Evidence of the intrusion spread across the studio. Papers had been tossed haphazardly on the tables and floor. Marielle flushed and covered her eyes with her hand, then began gathering the prints into a stack. “We will have to go over each one most carefully, to see if there is damage.”

“And if there is?”

“I must pay for them, of course.” Her slender finger plucked more off the floor.

He bent and helped, trying to avoid being more harm than help. It took half an hour to pick them all up.

“Why were no women here working?” he asked.

“I chose to go to that party. Madame LaTour can be my eyes here when I am gone, but she too attended. So we all took a little holiday.” She smiled sourly at the workroom. “Such a cost for so little gain.”

“Marielle,” the old woman said from the doorway. She gestured for Marielle to follow her. Kendale tagged along.

A small chamber at the back of the house overlooked the garden. He peered out. There was not much property, and what they had was planted. Not flowers. No tulips here. The ground had been worked in rows. He guessed it would fill with greenery and vegetables in a few months.

The old woman pulled back a drapery to reveal a broken shutter and sash. A small pane of glass had been smashed too. Kendale pulled the window open. It was large enough for a man to enter.

“What did they take?” he asked.

“If you will wait here, we will go and see if anything of value is gone,” Marielle said. Huddled close and whispering, they left him.

He sat on one of the chairs and took stock of this house. Although modest, it was larger than many. Marielle's print coloring business probably paid the rents. Her industry provided a modicum of comfort at least, but he supposed it was a precarious existence. One unexpected problem, such as having to pay an engraver for prints one could never sell, might tip the balance.

He caught his own thoughts up short. How easily he was willing to worry for her, and forget that she probably had other income besides that from those prints. She may not have even signed the lease to this house, if it had been provided to her so that she had a home while she collected information. He would have to check to see whose name was on the paper.

Marielle returned alone and sank into another chair. “They were above.

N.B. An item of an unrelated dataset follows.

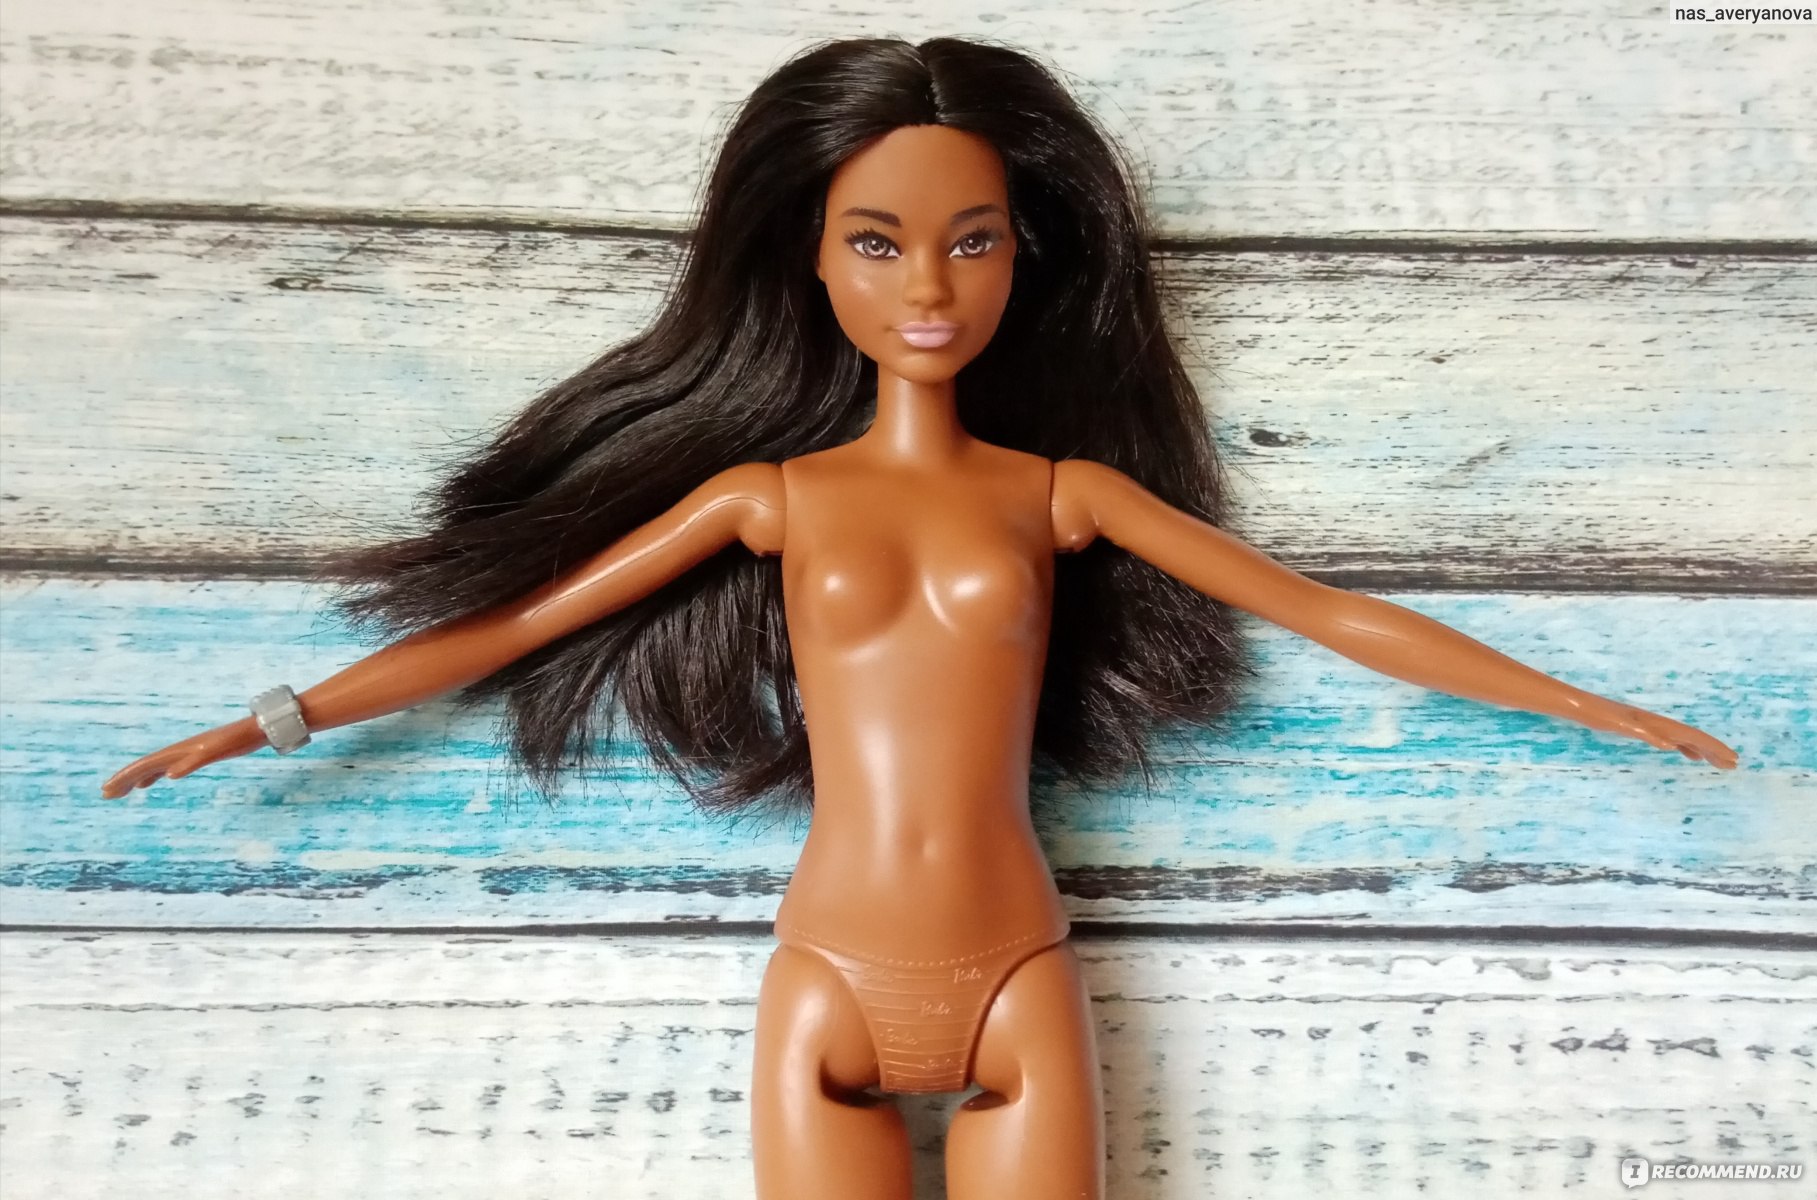 Категория: Детские игрушки Бренд: Barbie.

Our chambers are overturned. Mattresses, clothing, all over. However, we can find nothing gone.”

“They were looking for something, from what you describe. Why else overturn a mattress?”

“To see if coin is hidden beneath it, of course.”

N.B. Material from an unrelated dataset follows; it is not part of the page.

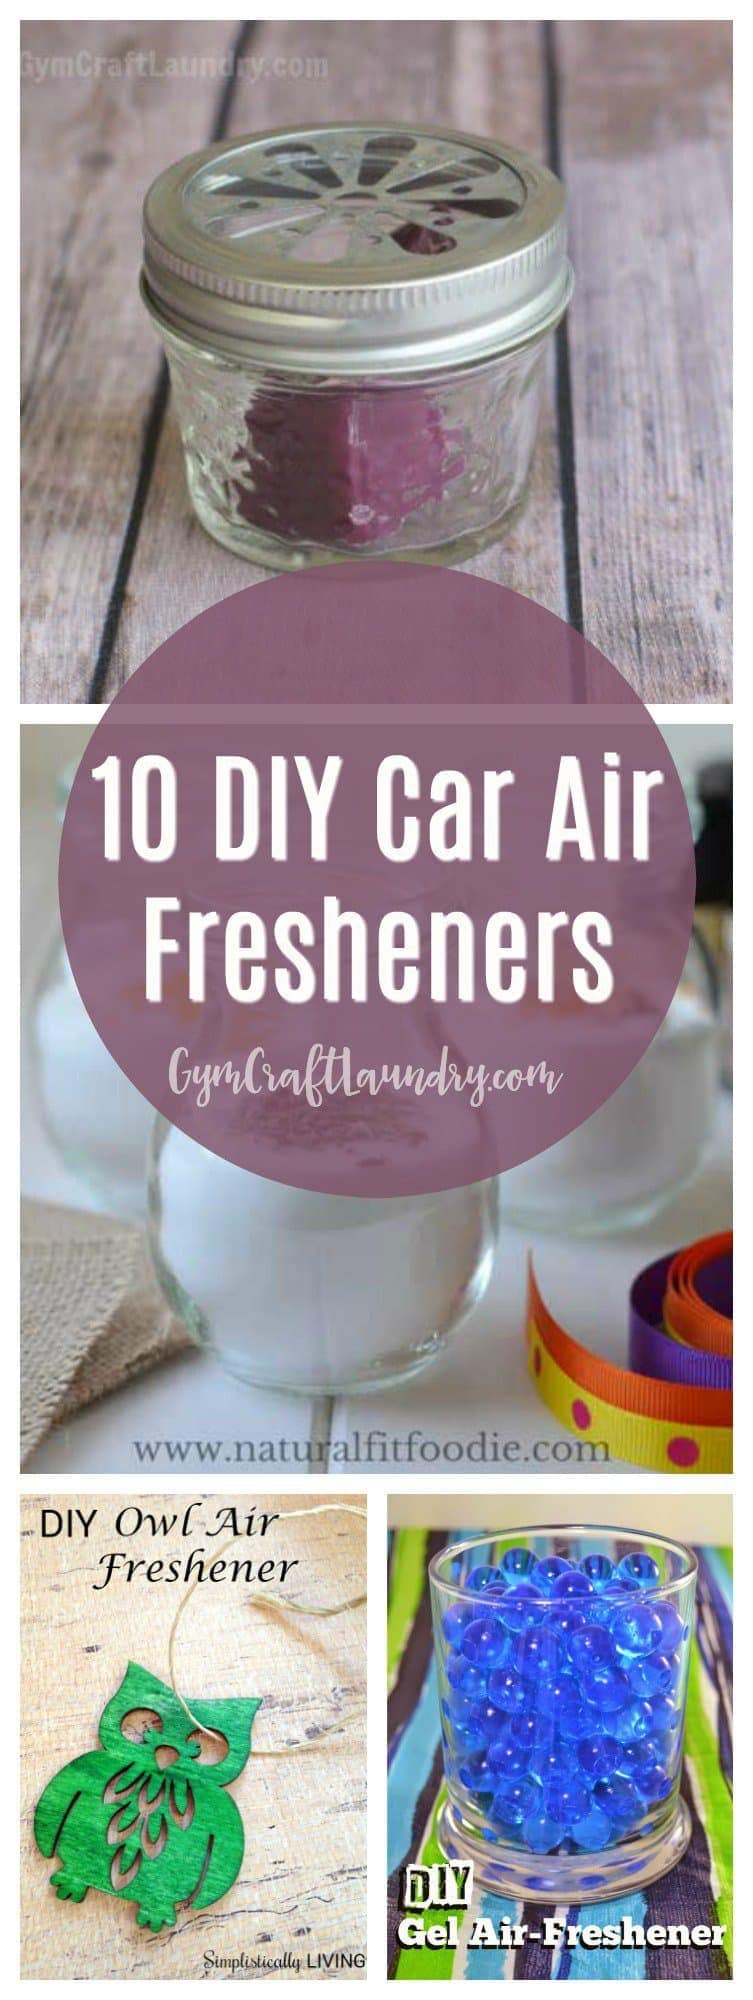 How to Make Homemade Car Air Fresheners

“Do people really do that? Hide money beneath their mattresses, tied to the ropes?”

“Some do, although if I were a thief, I would look there first, so better places should be found.”

“Where do you hide yours?”

She patted her hip. “Here. It is a benefit of being unfashionable. One can sew a pocket into these skirts.” Her hand slipped between two folds and the fabric swallowed her arm almost to the elbow.

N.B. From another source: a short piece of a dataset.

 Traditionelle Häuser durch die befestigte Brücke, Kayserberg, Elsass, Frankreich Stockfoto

He wondered if that were the real reason she wore such styles now. Like the long shawls, those pockets allowed all kinds of things to be carried invisibly. “First men try to kill you. Now this. I do not think it is a coincidence.”

“They are not related, except to show London has many thieves in it.”

She smiled at him, putting on a brave face. He saw how concerned she was, however. That had never happened before with a woman. Females remained ciphers to him for which he possessed no solution. They all wore masks of one kind or another, playing this role or that on life's stage. They confounded him when he noticed them at all.

This one, however—for good or bad he had come to know her. Right now, he knew she was afraid.

“If you tell me what this is all about, perhaps I could help you.”

He braced himself for mocking Marielle or self-possessed Marielle, and maybe he even hoped for seductress Marielle. Instead she looked at him so directly that he thought he could see right into her mind.